石板路窄,刘氏走在左侧,被扶着的李佼兮走在右侧,二人并排走已经有些拥挤了,而李佼兮这么一慌,整个人瞬间就失去了平衡,眼看着就要摔到小路下边的水田里。
这一截石板路是沿着梯田埂开辟的通道,左右两侧都是灌满水的秧田,左侧的田坎较低,而右侧的田坎则比较高,有两米左右的样子,要是不小心摔下去,可得遭一番罪。
说时迟,那时快,傅晨风一把拽住往下倒的身体,猛的一拉,李佼兮就毫无预兆地跌进了他怀里。

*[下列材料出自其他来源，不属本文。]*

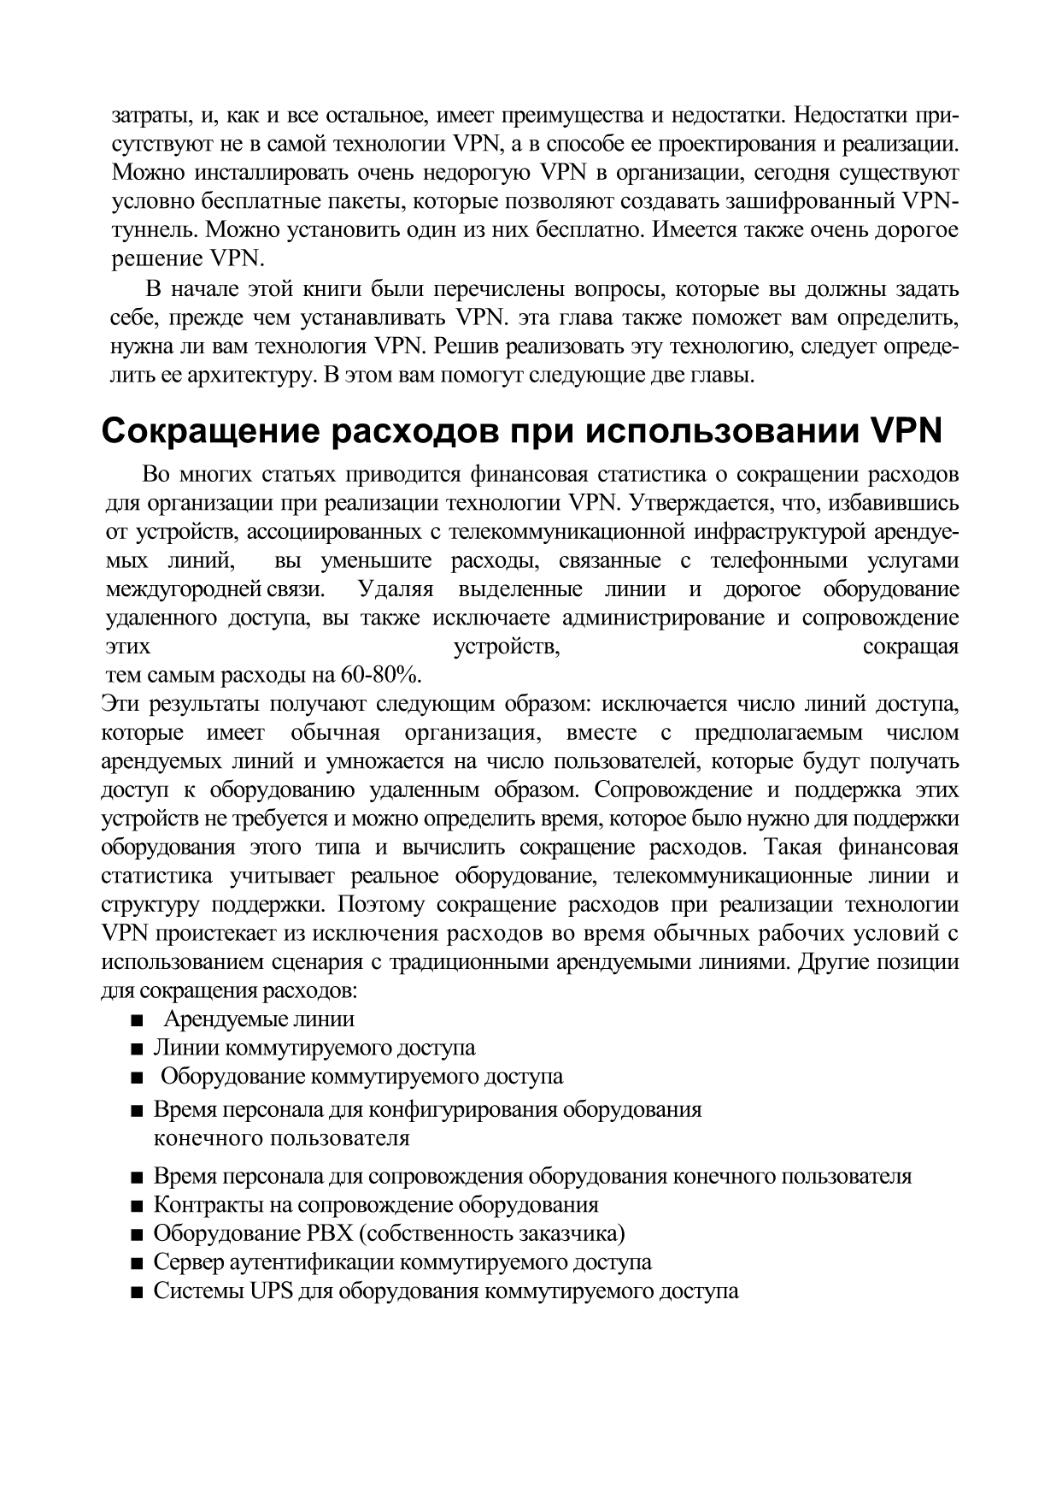 Сокращение расходов при использовании VPN

身前的人,香香软软的,炙热的呼吸喷洒在傅晨风的胸膛,透过轻薄的衣物,仿佛直接击穿了他的心脏。
“哎哟,兮哥儿你没事吧!”刘氏见状赶忙回过神问。
闻言,傅晨风似被烫到了一般,紧忙将人轻轻推开,急忙道歉:“抱歉兮哥儿,方才情急,无意唐突。”
“啊,哦,没事没事,是我该多谢秀才公才是!”刚从惊吓中回过神儿的李佼兮,顿时脸颊发热,啊啊啊啊啊,又麻烦傅秀才了,怎么总是犯蠢呀!
“不,不客气,应该的。”傅晨风语气有些不自然。
“兮哥儿莫挂在心上,按辈分他还是你小叔叔呢,帮一把也是应该的。”刘氏一旁附和。
“那还是要多谢小叔叔的!”李佼兮眨眨眼,俏皮道。
你还真叫叔啊!傅晨风内心无语。
“兮哥儿,你在哪儿……”小路那头又响起李佼兮爹爹的呼唤声。
“爹爹,我在这儿!”李佼兮高声回应
那头似是听到了他的回复,没再叫喊。三人沿着小路继续向前走,不一会儿就走过了水田,道路延伸进小竹林。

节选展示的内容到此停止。